#### [EXERCISE GOAL]
Take the lines in the listing below from the line with "Grand fundraisers logo" up to and including the line with "Two Seasons Coron" and set them down exactly, skipping pictures and adding nothing.

#### [GIVEN INFORMATION]
Content starts

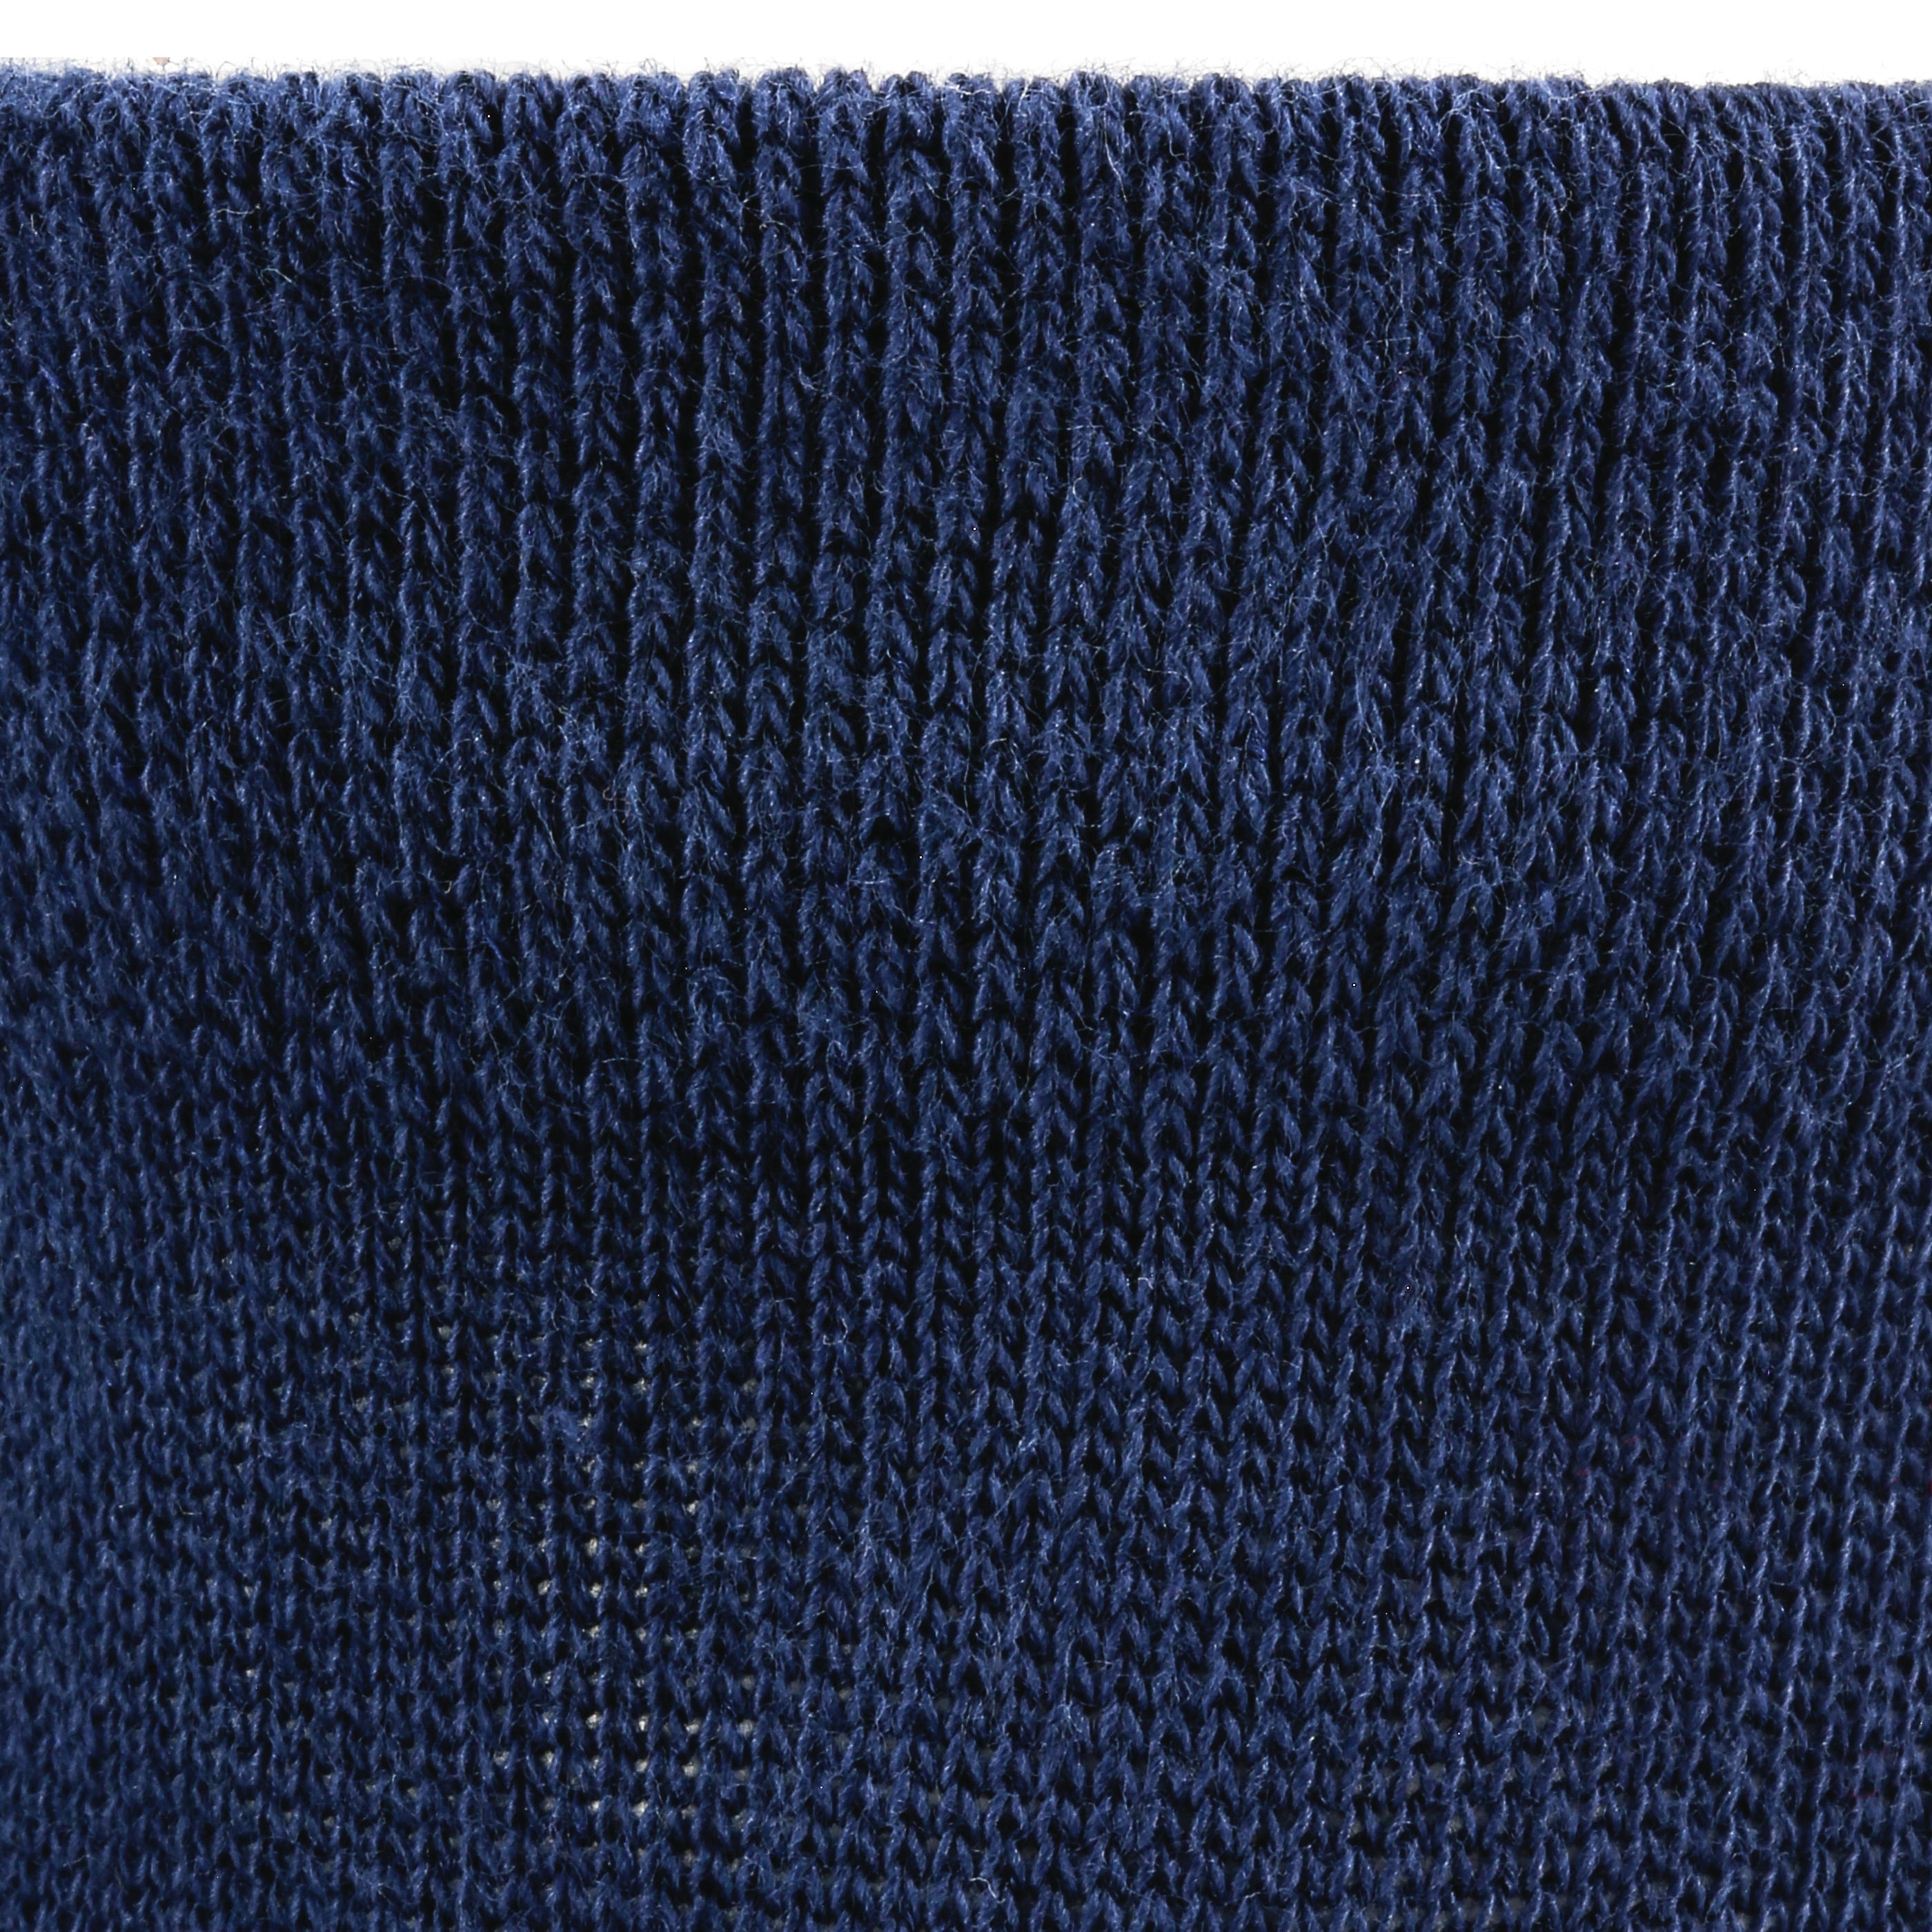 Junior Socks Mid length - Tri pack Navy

Content ends
Content starts

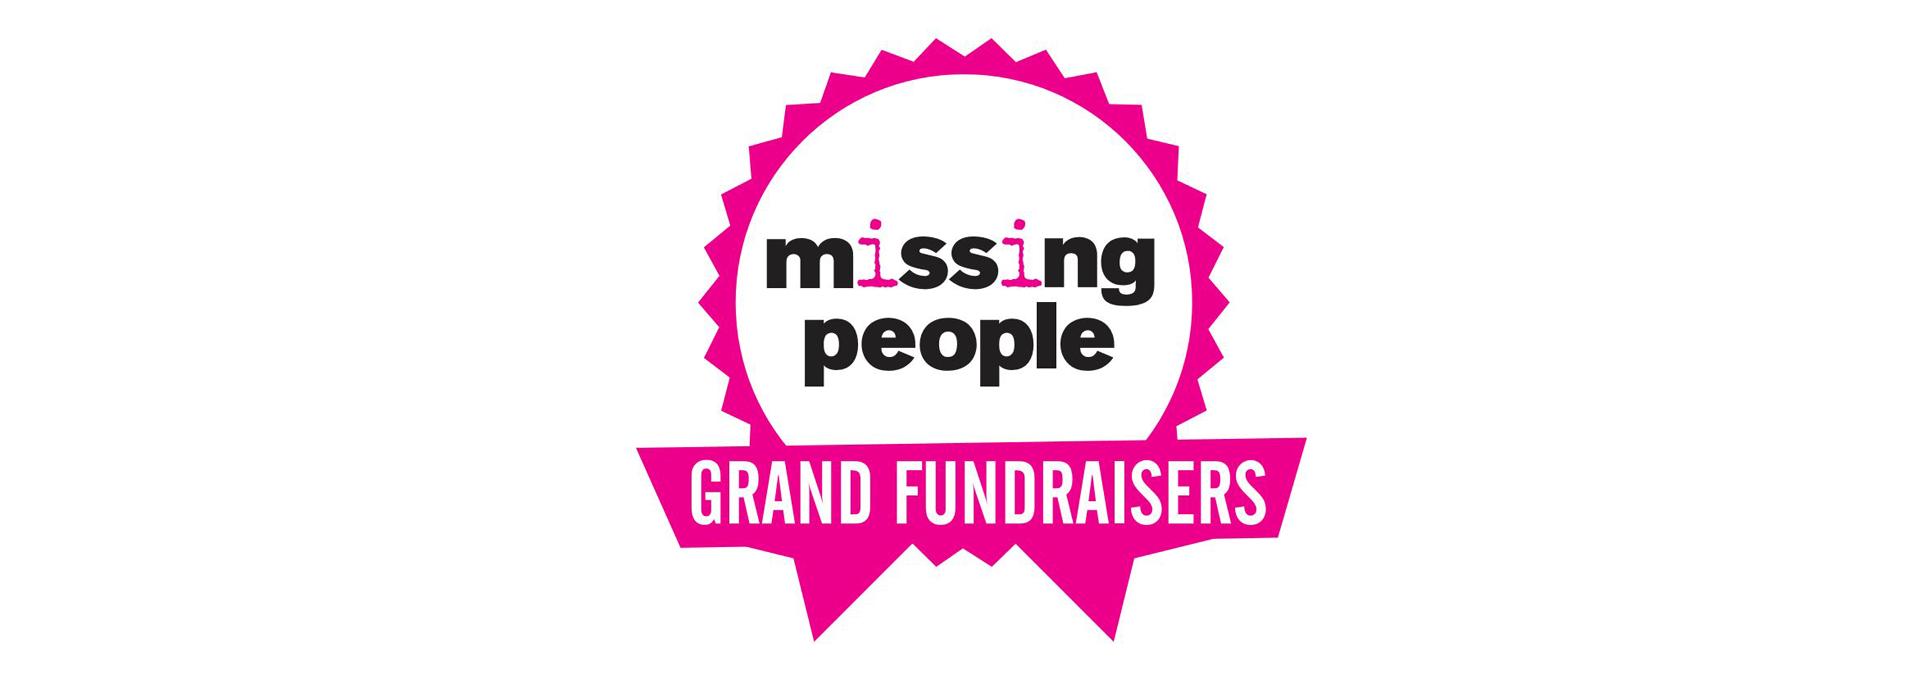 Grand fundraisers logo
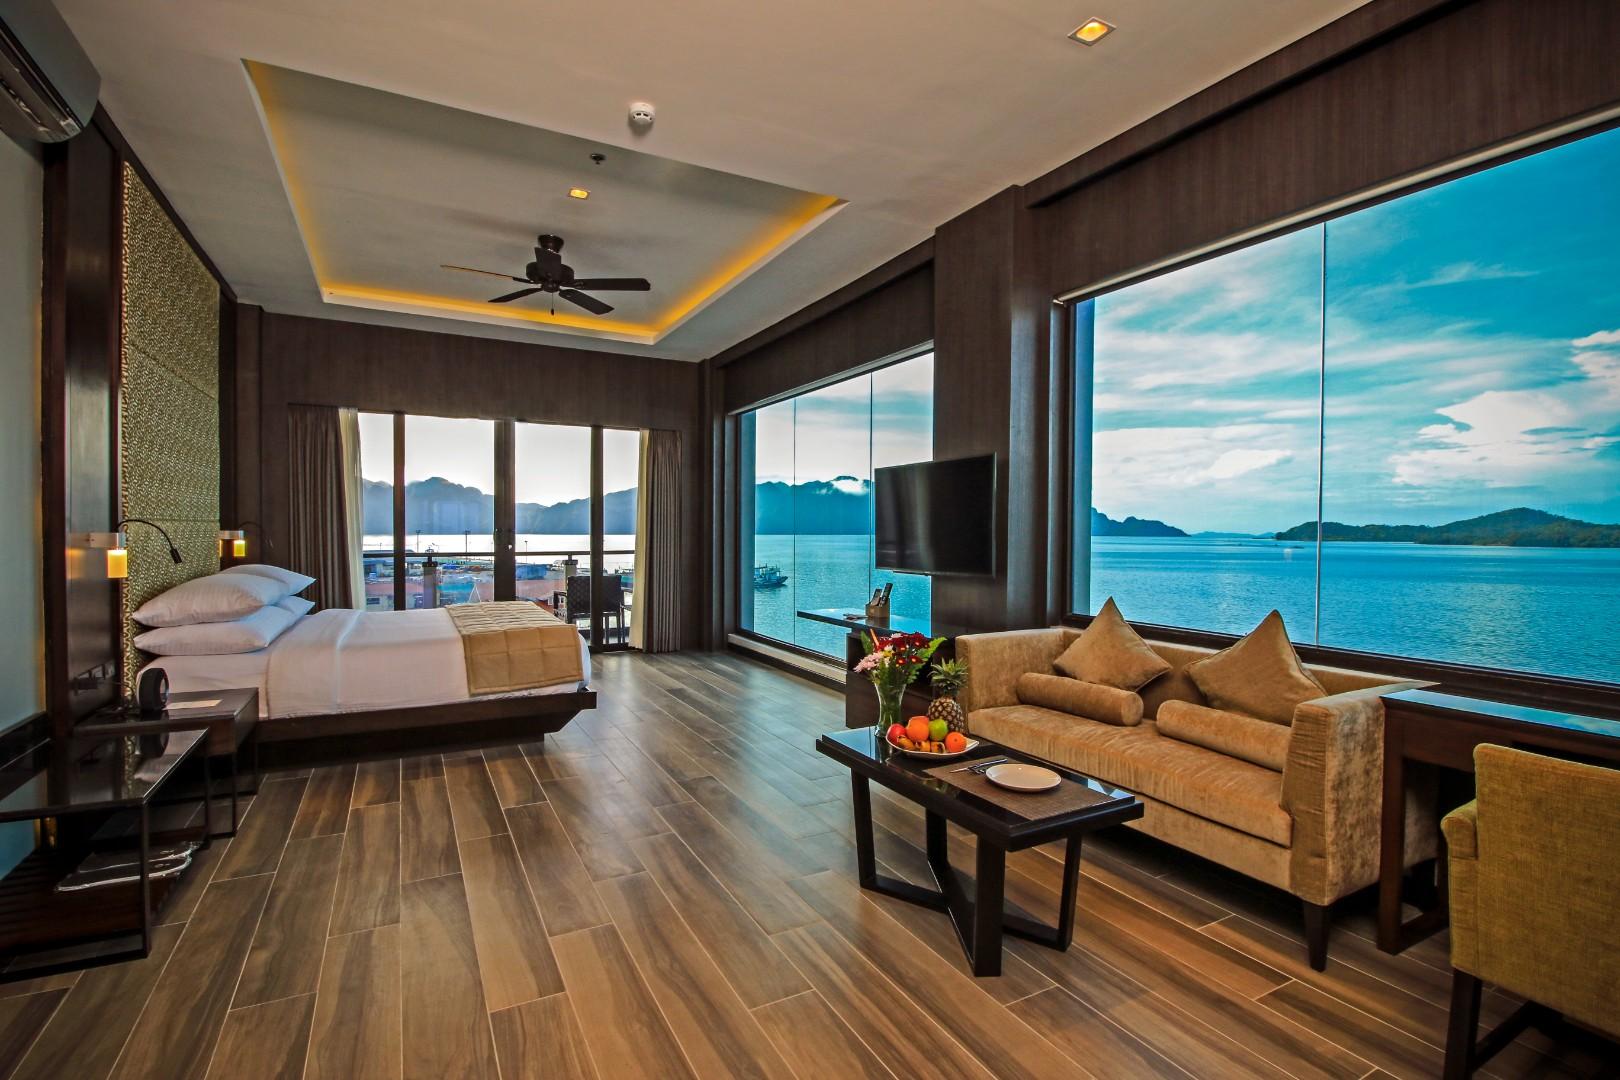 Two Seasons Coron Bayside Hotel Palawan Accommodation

Content ends

#### [ANSWER SPACE]
 Grand fundraisers logo
 Two Seasons Coron Bayside Hotel Palawan Accommodation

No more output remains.